Шрифт:
Вот еще отрывок из августовского моего письма Столетову летом 73-го года.
«Здравствуйте Аполлон Михайлович! Спасибо Вам за письмо, оно мне сейчас как самое целебное лекарство. Вы спрашиваете о стихах о здоровье. В том то и дело, что эти вещи у меня настолько взаимосвязаны, что когда нет одного – нет и другого. Когда Вы приезжали к нам в начале апреля, я ведь была совсем больная. Ваш приезд был чем то вроде сильнейшей тонизирующей инъекции. Но через день после Вашего отъезда я свалилась. Именовалось это «функциональным расстройством нервной системы». Главное глаза почему то не видели. Два месяца я совсем не могла читать и писать. Но встреча с Вами помогла мне излечиться от какой то внутренней окаменелости после прошлогодней горьковской рецензии. Я даже снова начала писать. Расколдовали!
Вы сказали, чтобы я написала с 15 таких стихотворений как «Гадкий утенок» и тогда никакие редакторши мне будут не страшны. Но вся то беда в том, что гадкие утята не каждый день на свет божий появляются. Я и сама чувствую такую радость, что оно у меня написалось… А это бывает у меня редко. Еще одно стихотворение появилось, которым довольна – «Злая бабка». Не знаю – что это меня на Север и в детство потянуло.

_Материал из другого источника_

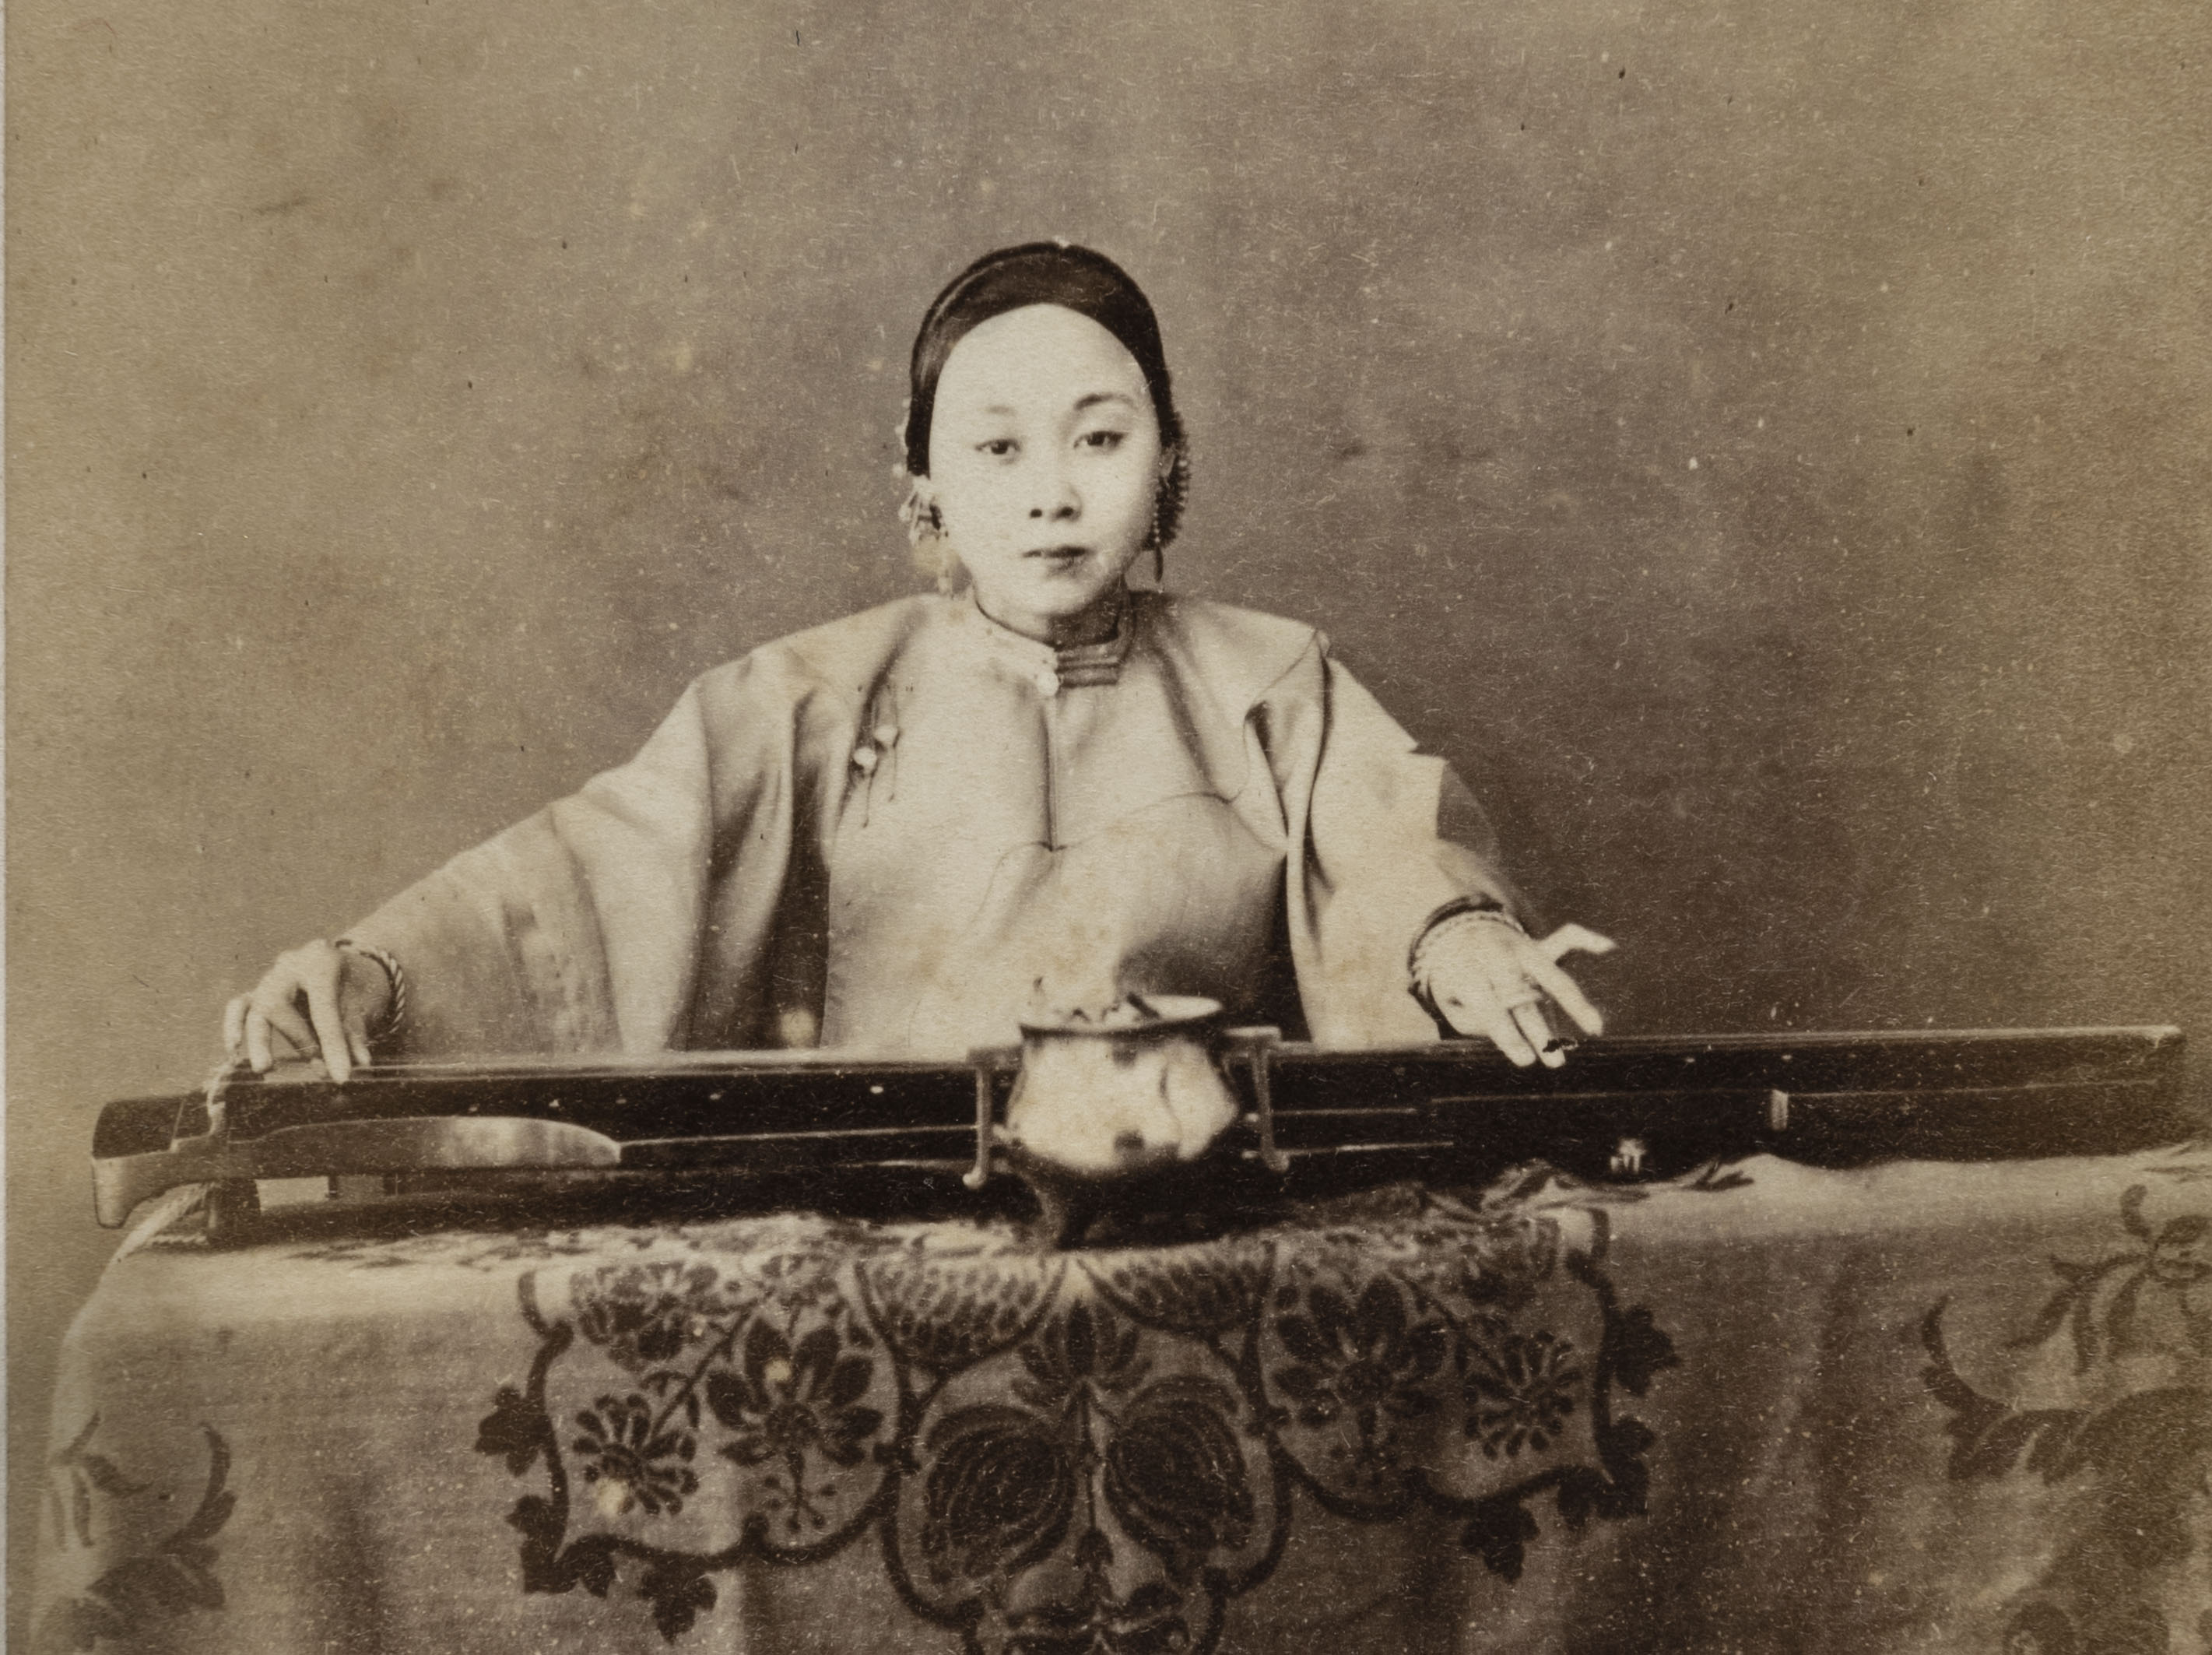 AN EARLY PHOTOGRAPH OF CHINA’S MOST REVERED ANCIENT MUSICAL INSTRUMENT

По сборнику ничего не сделала. Не из-за лени, нет! Просто очень уж я невезучая. Мне ведь пришлось в конце мая выйти на работу, не долечившись, так как моя помощница (на полставки) уехала на сессию. А работа школьного библиотекаря в конце учебного года теперь, когда на нас повесили все учебники – это сущий ад. Он продолжался весь июнь. Работала я больная, измотана была совершенно. Ни о каких стихах не могло быть и речи.

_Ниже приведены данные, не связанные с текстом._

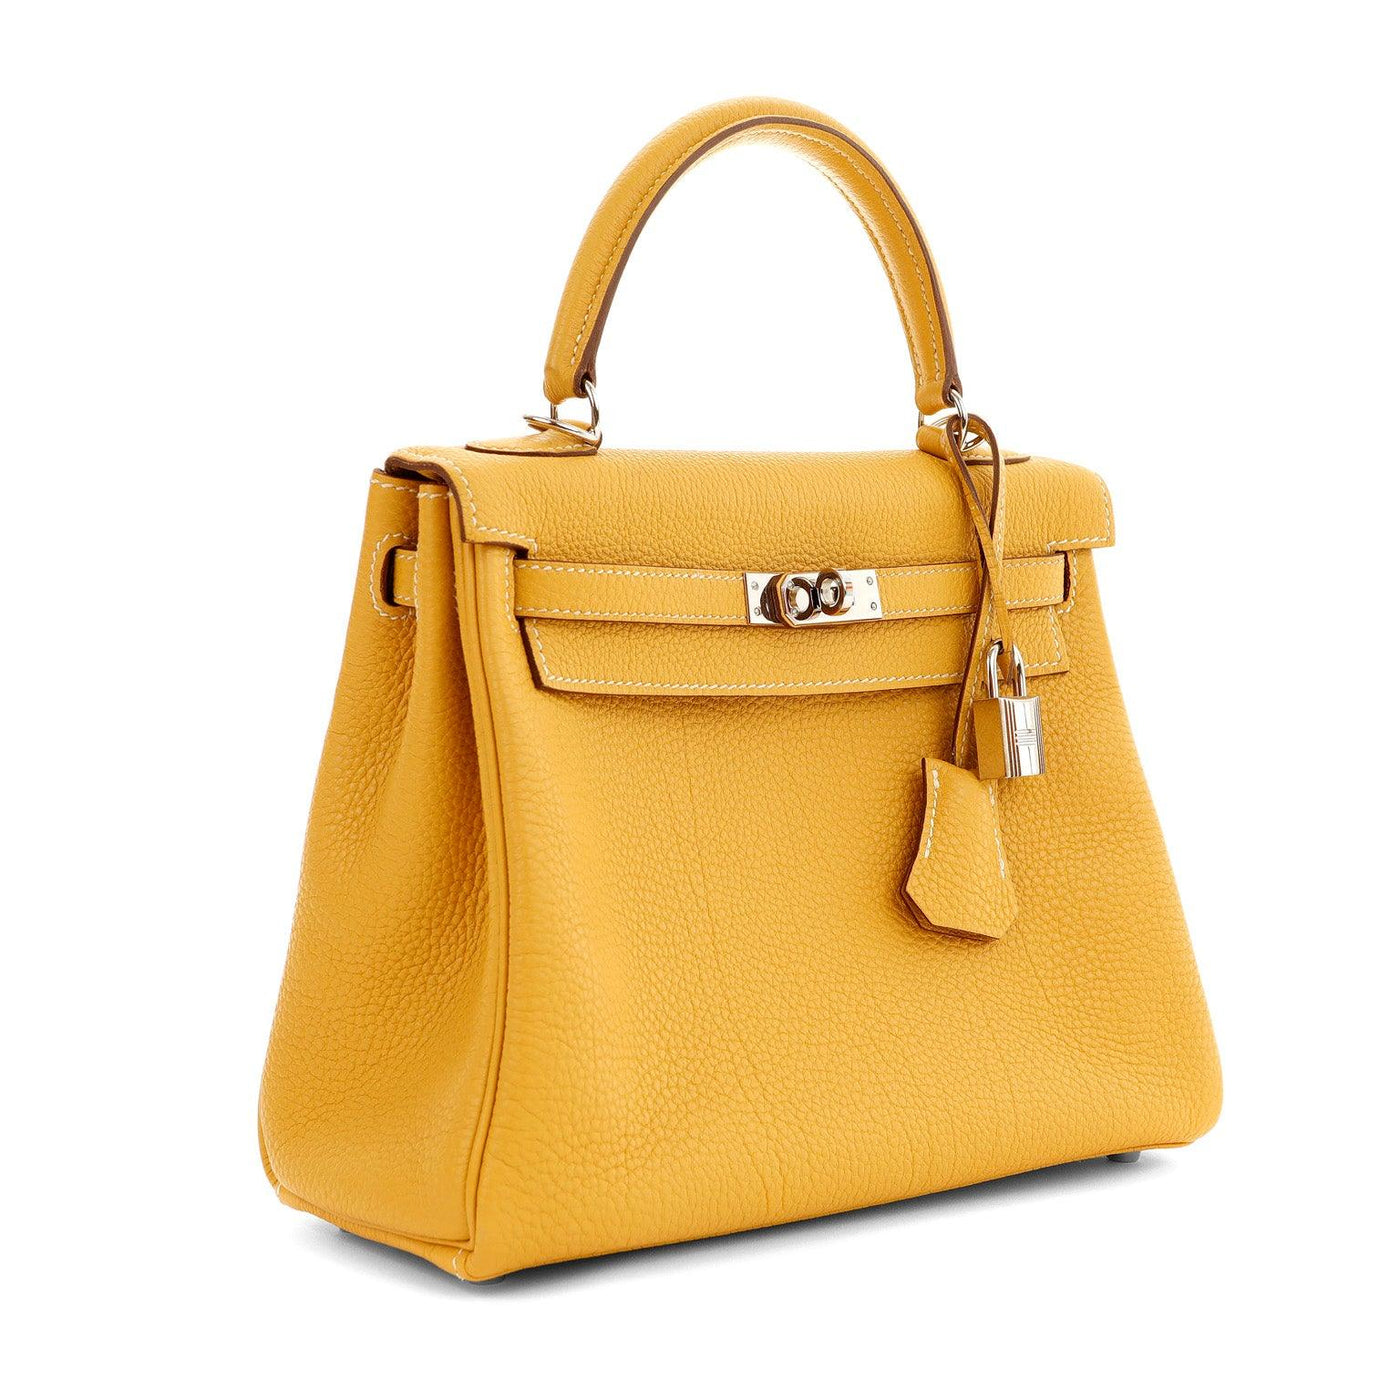 The Hermès 25cm Mustard Yellow Togo Kelly is a handbag from the luxury  brand Hermès – Only Authentics

С июля начала готовить библиотеку под покраску и 10-го собиралась выйти в отпуск. А 8-го – заболела… свинкой! Начинаем помаленьку впадать в детство. Да так тяжело. Ну и разумеется осложнение. На уши. Воспаление. Сколько протянется трудно сказать. А там – отпуск. Представляете, какое у меня сейчас «творческое» состояние? Но даю слово: сделаю все что могу и даже через «не могу» по сборнику. И не потому, что мне так уж хочется увидеть свою книжку при жизни. Я и раньше не особенно рвалась печататься, а теперь это желание убито совсем. Просто в ответ на Ваше внимание и хлопоты я хочу с чистой совестью сказать: «Сделала все, что было в моих силах». Желаю Вам новых вдохновений и новых стихов. И, как всегда, прошу прощения за многословие».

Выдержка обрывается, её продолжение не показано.